The 2017 Africa Innovate Conference, organized by the MIT Sloan Africa Business Club was quite the resounding success.
The 2017 Africa Innovate Conference, organized by the MIT Sloan Africa Business Club was quite the resounding success; from the aptly timed humor in the addresses of the event’s various keynote speakers, to the hands-on workshop experiences that necessitated collaboration amongst the attendees of the conference, with an end to addressing realtime pressing matters that affect actual business organizations, the event fared remarkably well.
In his keynote speech, the CEO of Century Group, one Ken Atete, “married to one wife, with children from one wife” as he so emphatically insisted upon, stressed the value of ameliorating modernity as a conduit by which social change could potentially be instituted on the continent of Africa as a means by which to curb rampant systemic corruption and misappropriation of power by the political class in Africa.
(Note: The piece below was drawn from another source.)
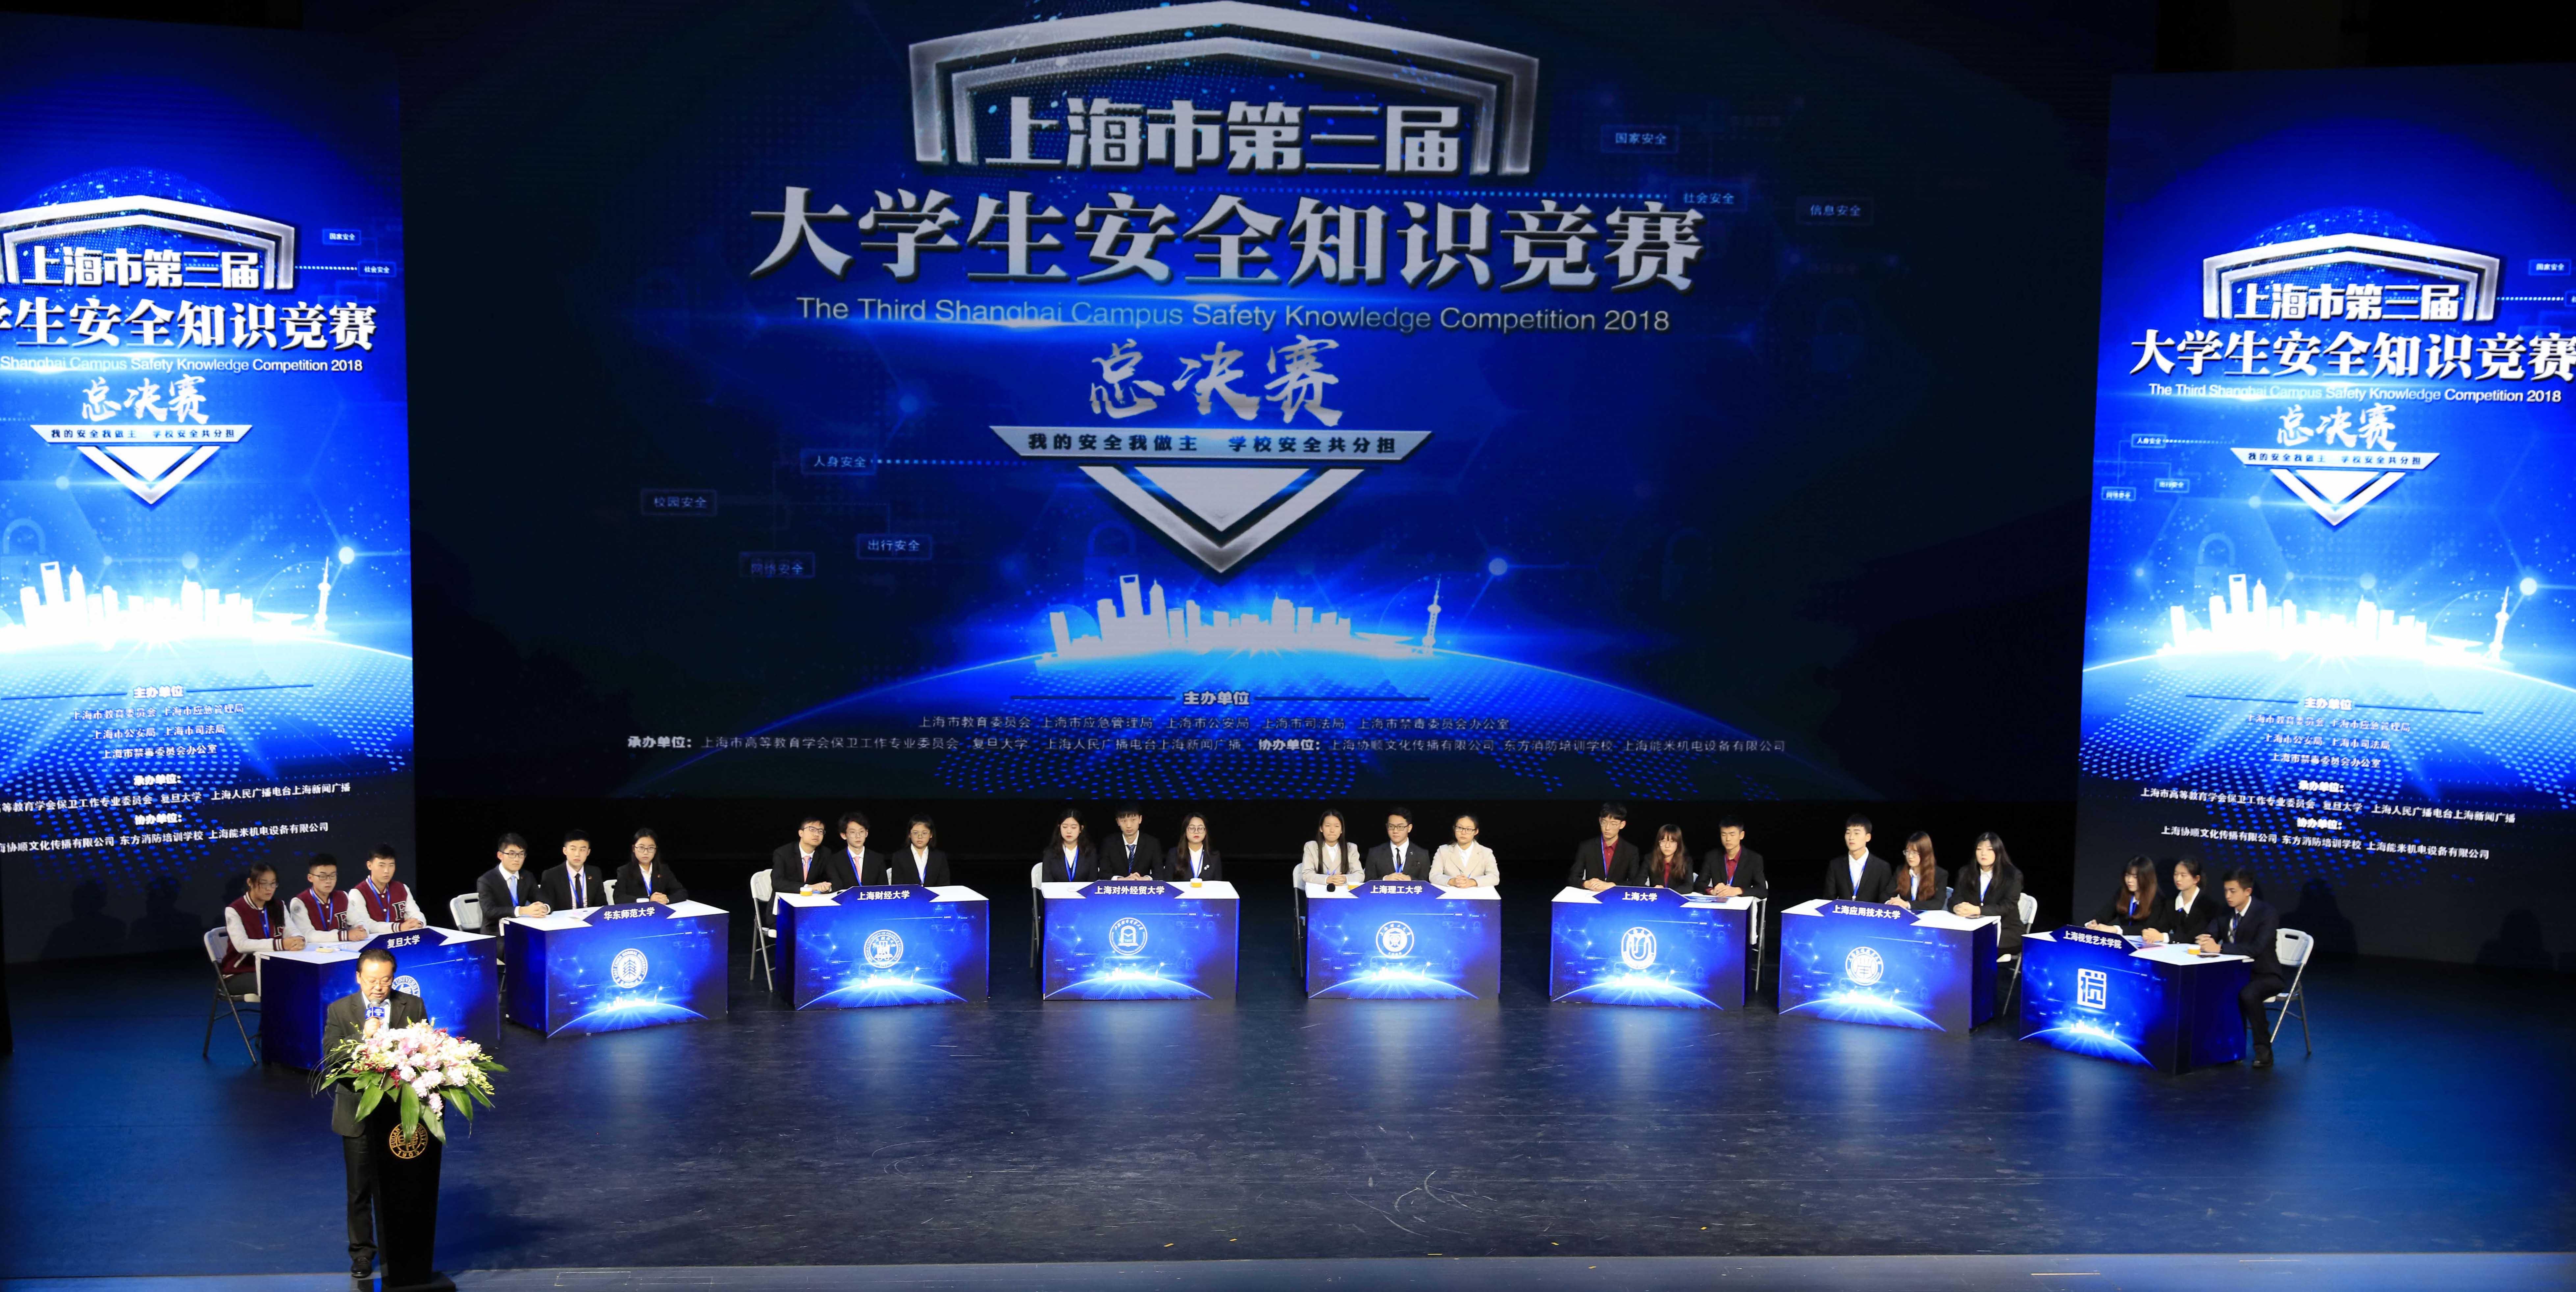 """视觉学子摘""""上海市第三届大学生安全知识竞赛""""最高奖(特等奖),连续三年蝉联总决赛"""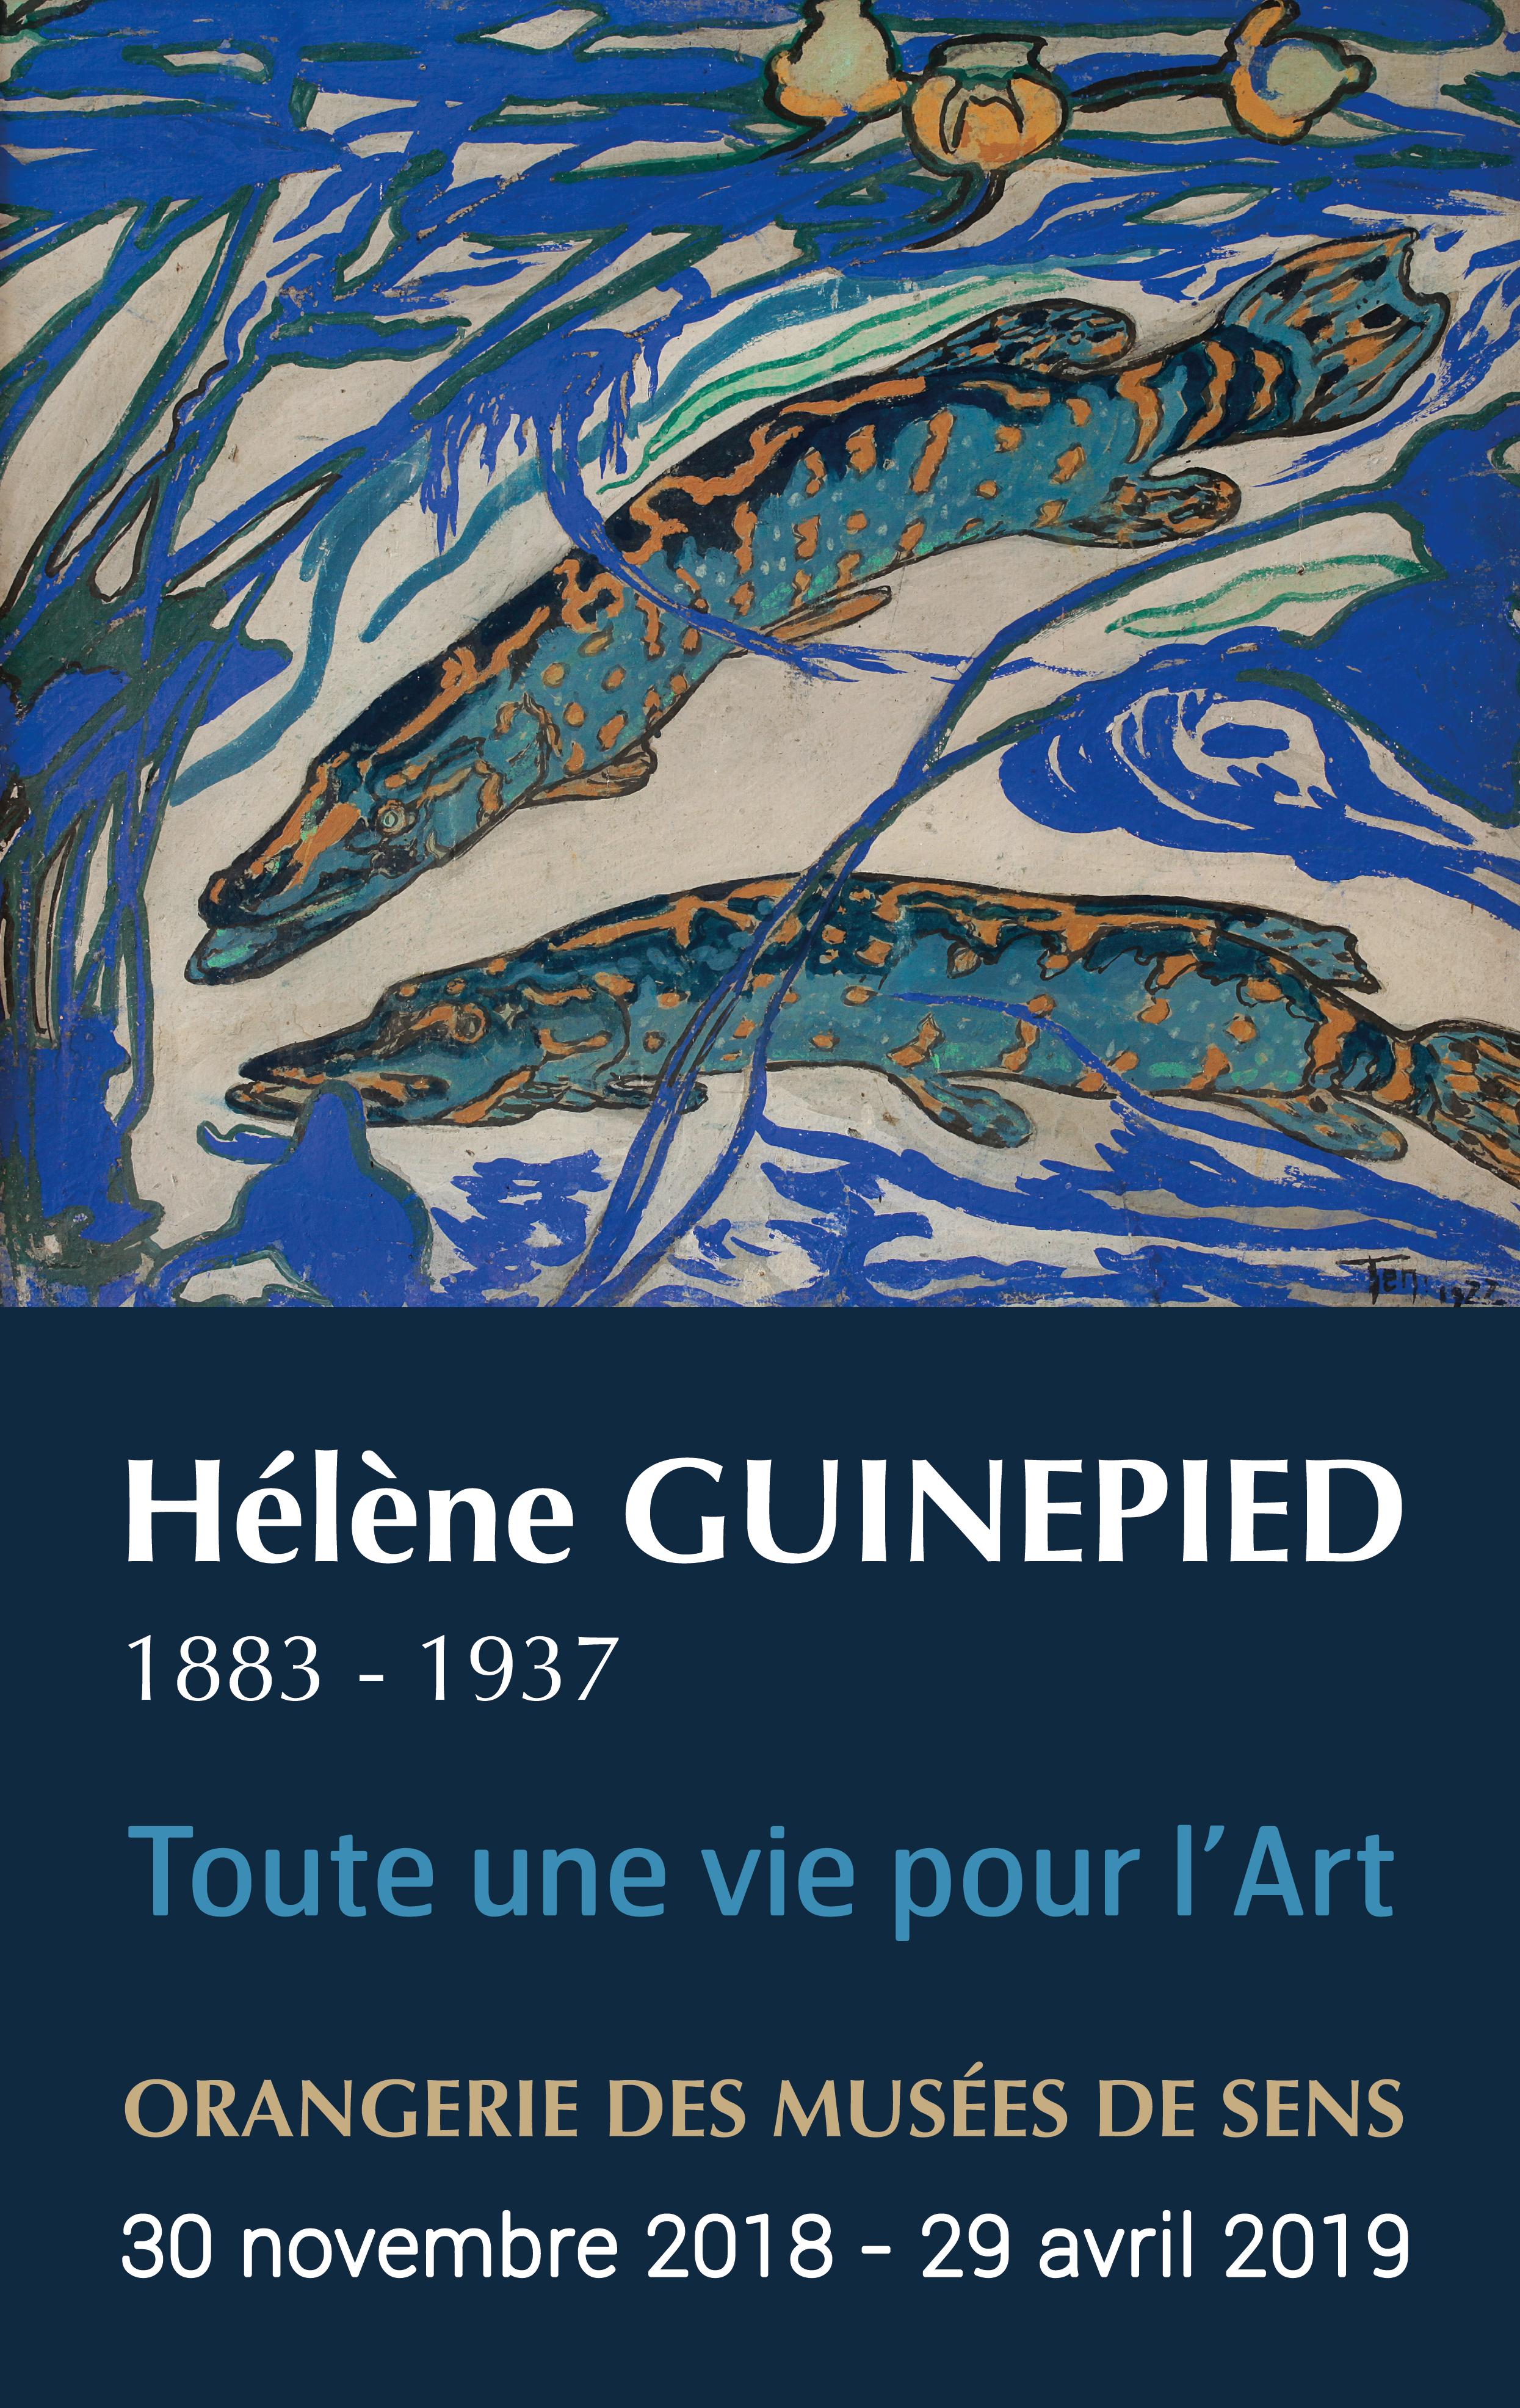 Hélène Guinepied, exposition

Á la Atete, an attempt at subverting the decrepit structural bureaucracies that culture corruption gross negligence and impunity in the continent, would effectively be an attempt at making possible the reality of corrective, constructive reform; citing the Nigerian case study of how Uber, the technology-transportation company, has sapped vitality from the local transportation unions that were previously influential in swinging electoral votes, Atete alluded to the possibility of a reimagining of political contracts on the continent, absent a full-scale civil war; a bloodless revolution as it were.
Atete urged his audience consider the potential, in the un-abating pursuit for modernity, to effectively strip corrupt politics of the grip it holds on the African populous by emancipating the African individual from over dependence on political expediencies. In closing, Atete did advocate for the loosening of communal ties alongside a compensatory surge in individual economic independence, a note which left many thinking variously about what the campaign toward industrialization would mean for the fast fading sense of African individuality on the continent.
In line with the ambitions toward modernization, the Financial Innovation panelists at event postulated a good many ideas that would serve to actualize these very goals. The Associate Partner and Lagos office director of Dalberg, Nneka Eze, placed particular emphasis on the value of combating structural marginalization in the wealth circles of the African continent, placing a somewhat finer point on the need to stymie the exclusion and underrepresentation of women and other ostracized peoples, in wealth distribution on the continent.
In an effort to streamline the engagement process with the money economy for the average African individual, panelist Chris Bates, Chief Security Officer at Bitland spoke for the activities of his affiliate firm, formalizing titles and effectively putting the land back on the map for individuals connected to African properties, to be able to evaluate, trade in, and present as collateral to banking and non-banking financial institutions.
In much the same vein, Kate Hyder, Senior Associate Advisory Services at Root Capital, alluded to the consideration of basic purchase orders in the process of loan screening as collateral enough for the customers of her affiliate firm, a practice which she intimated was geared toward making the cost of doing business more attainable to the average African individual; all of which would effectively serve to improve the industrial standing of the continent as a whole, relative to the development of others.
For the “Vision Talk” segment of the conference, the audience was treated to what amounted to an electrifying sales pitch by South African D.J Sbusiso Leope co-founder of the first African owned energy drink brand, “Mofaya”. After sharing his life story which was punctuated by regaling takes of his previous professional successes and failures, Dj Sbu proceeded to encourage his audience to embrace their cultural nuances and to capitalize on the validity of their ethnicities in designing business endeavors and ultimately in inviting the world of potential consumers to take a chance on such.
In presenting his brand of energy drink, “Mofaya”, as “Pro-black but not anti-white”, Dj Sbu intimated the inherent possibility and indeed, novelty in packaging African individuality into the business practices of the continent if only to foster product differentiation. In what was quite the appropriate end to his address, Dj Sbu underscored the importance of legacy projects in African business that would transcend the myopia of personal wealth and launch the continent in a trajectory of cooperative industry for the sake of the African posterity.